Although it is assumed that DGC-SLIN connectivity mediates GABAergic inhibition onto CA3[11], evidence linking acute modulation of DGC-SLIN connectivity in adult mice with electrophysiological changes in inhibition onto CA3 is conspicuously absent[28]. Therefore, we asked whether increasing DGC-SLIN connectivity by abLIM3 downregulation translated into physiological changes in excitatory inputs onto PV INs and increased GABAergic inhibition onto CA3. Characterization of mice in which PV SLINs were genetically labeled with tdTomato (PV-Cre:Ai14 mice) revealed that 90% of tdTomato+ cells also expressed PV (Fig. 2a-b). Next, we performed whole-cell recordings from tdTomato-expressing PV SLINs and CA3 pyramidal neurons in slices obtained from PV-Cre:Ai14 mice following lentiviral injections of shRNA and shNT constructs into the DG (Fig. 2c). Downregulating abLIM3 in DGCs increased frequency of miniature excitatory postsynaptic currents (mEPSCs) in PV SLINs (Fig. 2d, g) consistent with increased numbers of VGLUT1+ MFT filopodial contacts onto PV SLINs (Fig. 1g, h). Interestingly, we noted a decrease in amplitude of mEPSCs in PV SLINs suggestive of potential homeostatic changes in response to the increased excitatory drive onto these cells (Fig. 2d, g). Recordings from CA3 pyramidal neurons revealed an increase in frequency, but not amplitude, of miniature inhibitory postsynaptic currents (mIPSCs) (Fig. 2e, g). Consistent with increased mIPSCs in CA3 neurons, increasing mossy fiber excitatory drive onto PV SLINs significantly enhanced the number of PV-positive puncta density in the CA3 pyramidal layer (Fig.2h). Additionally, amplitude of miniature excitatory postsynaptic currents (mEPSCs) in CA3 neurons was decreased with no effect on mEPSC frequency (Fig. 2f, g).
Figure 2

abLIM3 downregulation in DGCs increases mEPSCs in PV SLINs and PV puncta in CA3

(a) Representative images of genetically recombined tdTomato+ cells and PV+ cell (PV antibody staining) in CA3 of PV-Cre:Ai14 mice.

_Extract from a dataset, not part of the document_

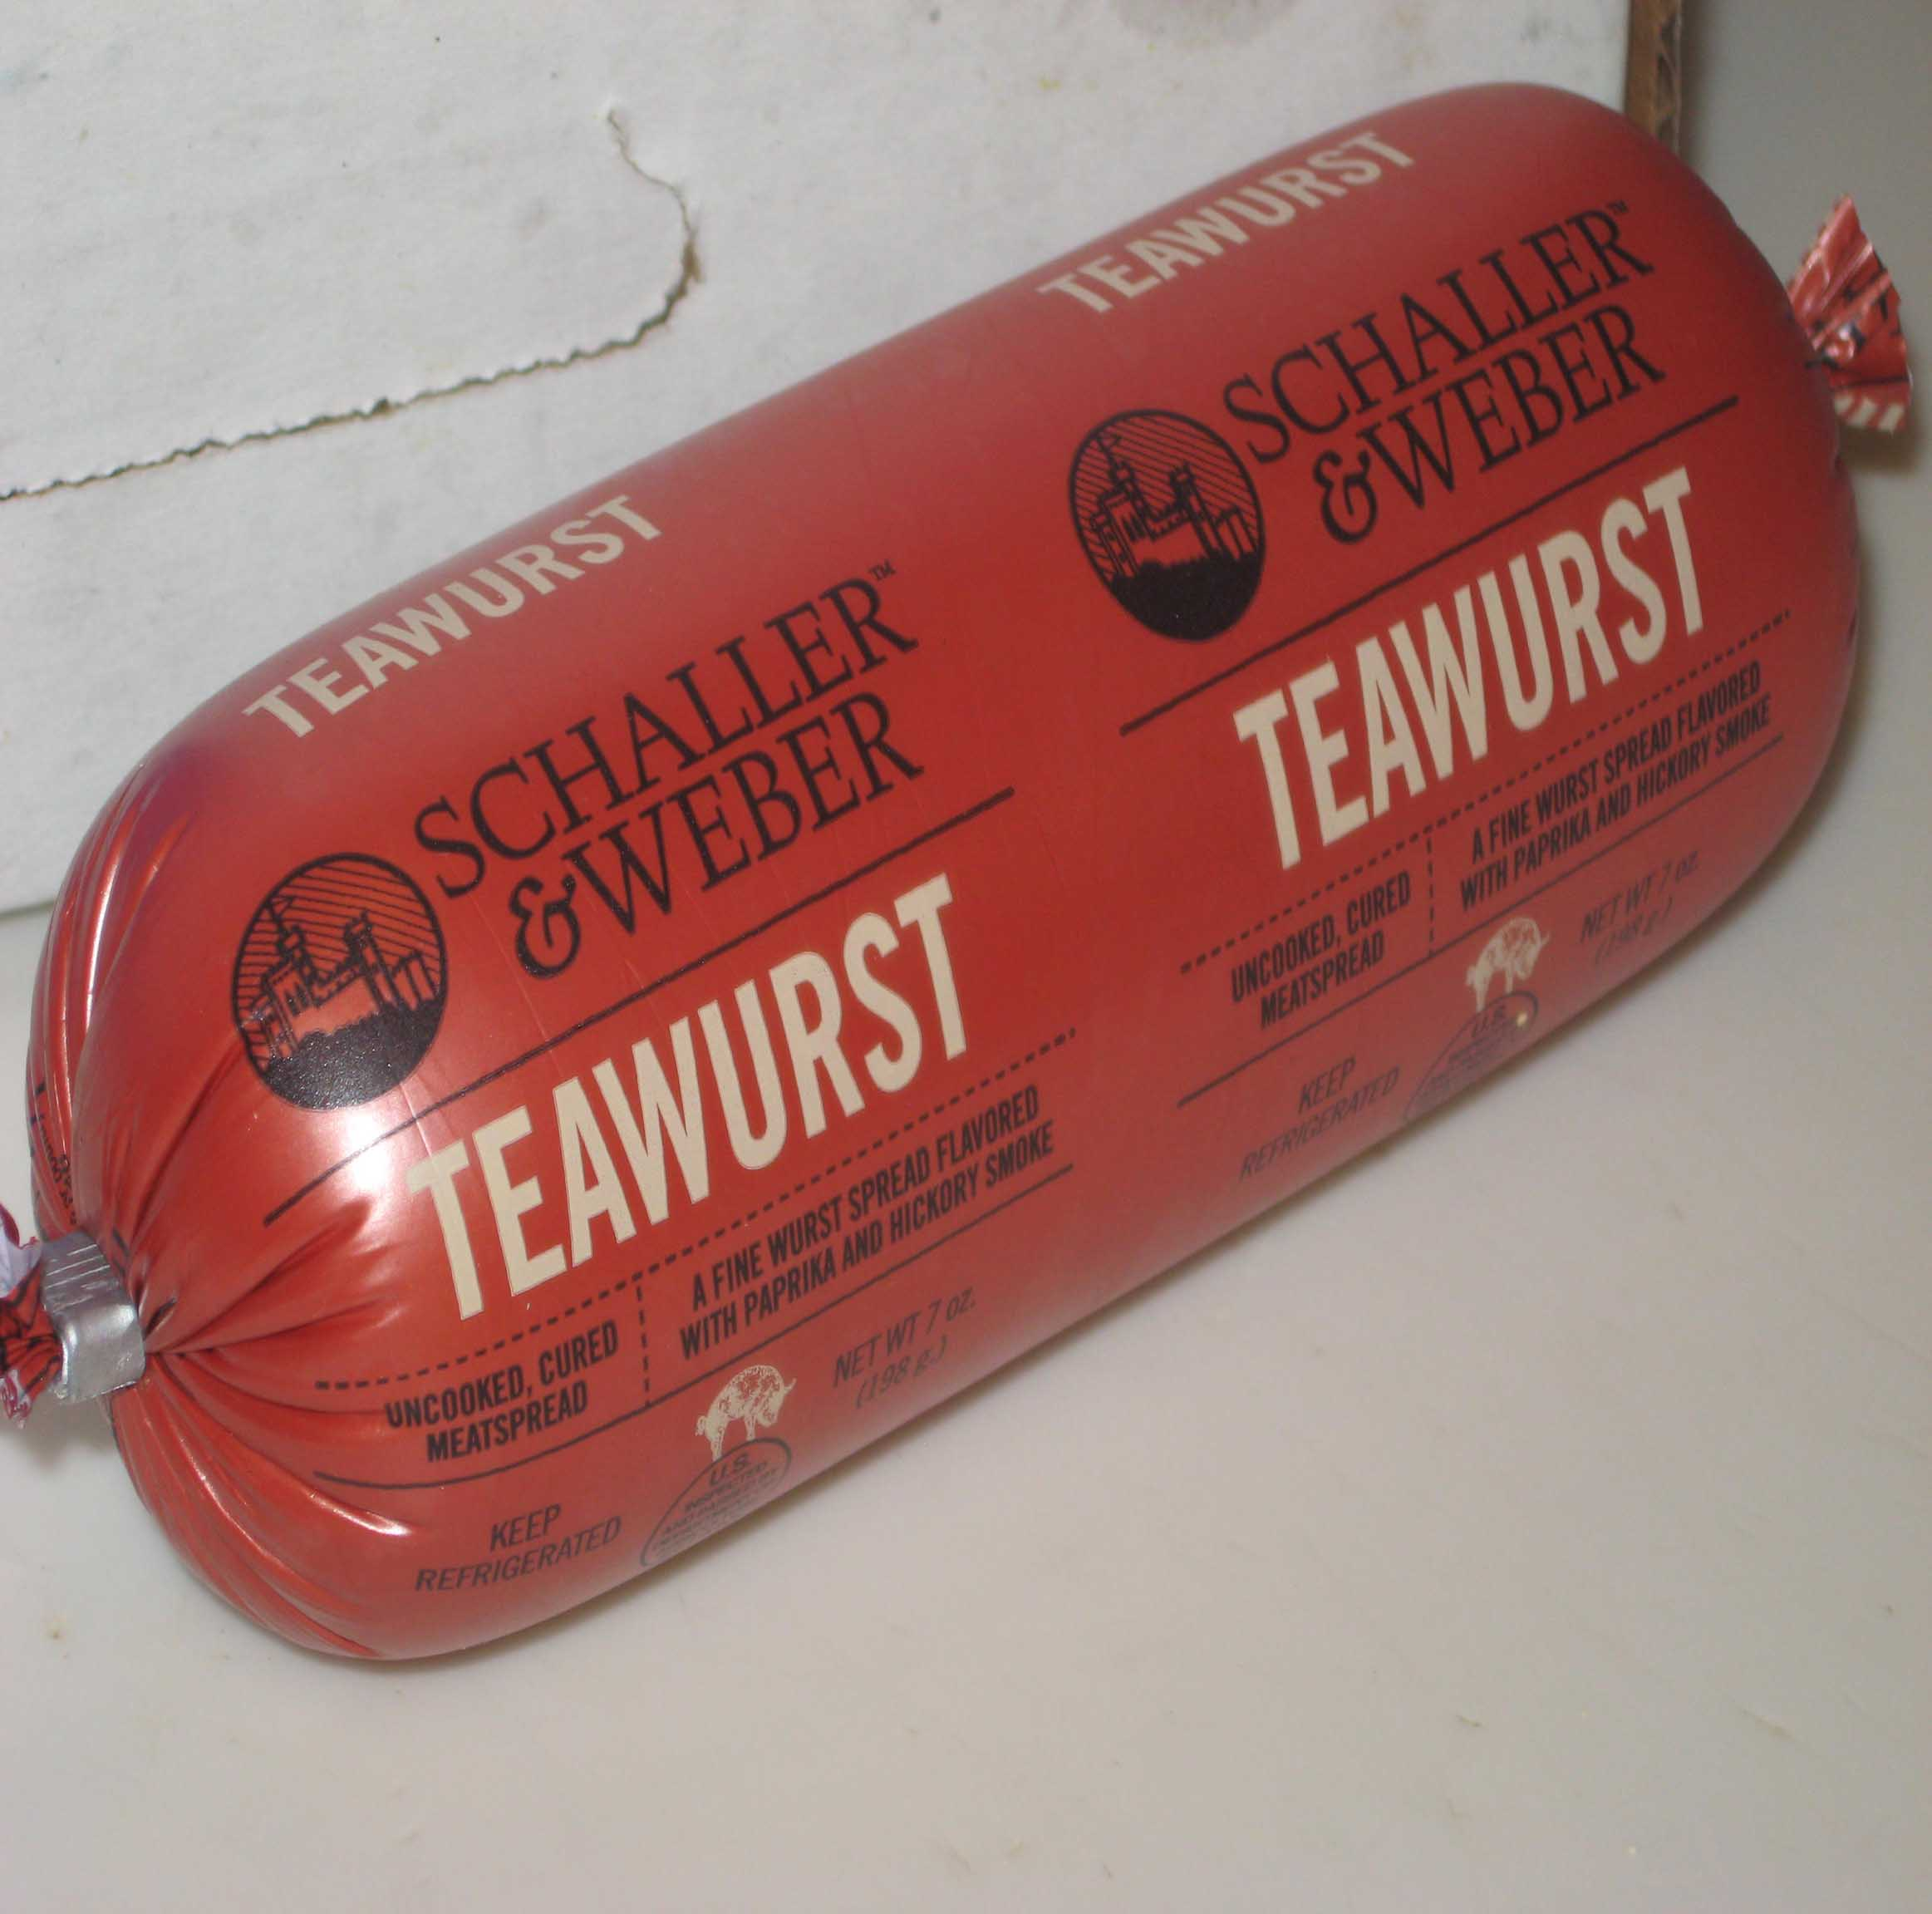 Teewurst – Smoked Ham Spread

Box highlights magnified regions (left). Immunostaining was replicated 2 times. (b) Pie graphs showing distribution of tdTomato + and PV+ cells in CA3 area including Stratum Pyramidale (SP), Stratum Oriens (SO) Stratum Radiatum (SR) and Stratum Lucidum (SL). (c) Schematic of lentiviral-shNT/shRNA injections into DG of PV- Cre:Ai14 mice (upper). Images showing lentiviral-shNT/shRNA infected GFP+ MFTs in PV- Cre:Ai14 mice, box highlights magnified regions (lower). (d) Whole cell recording of mEPSC frequency (left, k-s test, p < 0.0001; shNT: 3887 events from n=13 cells, shRNA: 3588 events from n=12 cells, 3 mice per group) and mEPSC amplitude (right, k-s test, p < 0.0001; shNT: 3900 events from n=13 cells, shRNA: 3600 events from n=12 cells, 3 mice per group) from PV SLINs. (e) Intracellular recording of mIPSC frequency (left, k-s test, p < 0.0001; shNT: 2691 events from n=9 cells, shRNA: 2691 events from n=9 cells, 3 mice per group) and mIPSC amplitude (right, k-s test, p = 0.0126; shNT: 2700 events from n=9 cells, shRNA: 2700 events from n=9 cells, 3 mice per group) from CA3 Pyramidal neurons. (f) Intracellular recording of mEPSC frequency (left, k-s test, p = 0.0222 middle, k-s test, p < 0.0001; shNT: 1209 events from n=9 cells, shRNA: 1620 events from n=12 cells, 3 mice per group) and mEPSC amplitude (right, k-s test, p < 0.0001; shNT: 1218 events from n=9 cells, shRNA: 1632 events from n=12 cells, 3 mice per group) from CA3 Pyramidal neurons. (g) Schematic showing how abLIM3 knockdown in DGCs increases number of MFT filopodial contacts with PV SLINs to exert increased inhibition onto CA3 (left) with representative recording traces from each set of recordings (right). (h) Images showing PV+ puncta (arrows) in CA3 stratum pyramidale of lentiviral shNT and shRNA injected mice (left) and bar graph of PV puncta density in CA3 of shRNA/shNT injected mice (right) (two tailed unpaired t test, **p < 0.01, n=4,4 mice, Data are represented mean ± SEM). Scale bar represents 100 μm in a and c, 10 μm in a and h, and 5 μm in c. See supplementary Table 1.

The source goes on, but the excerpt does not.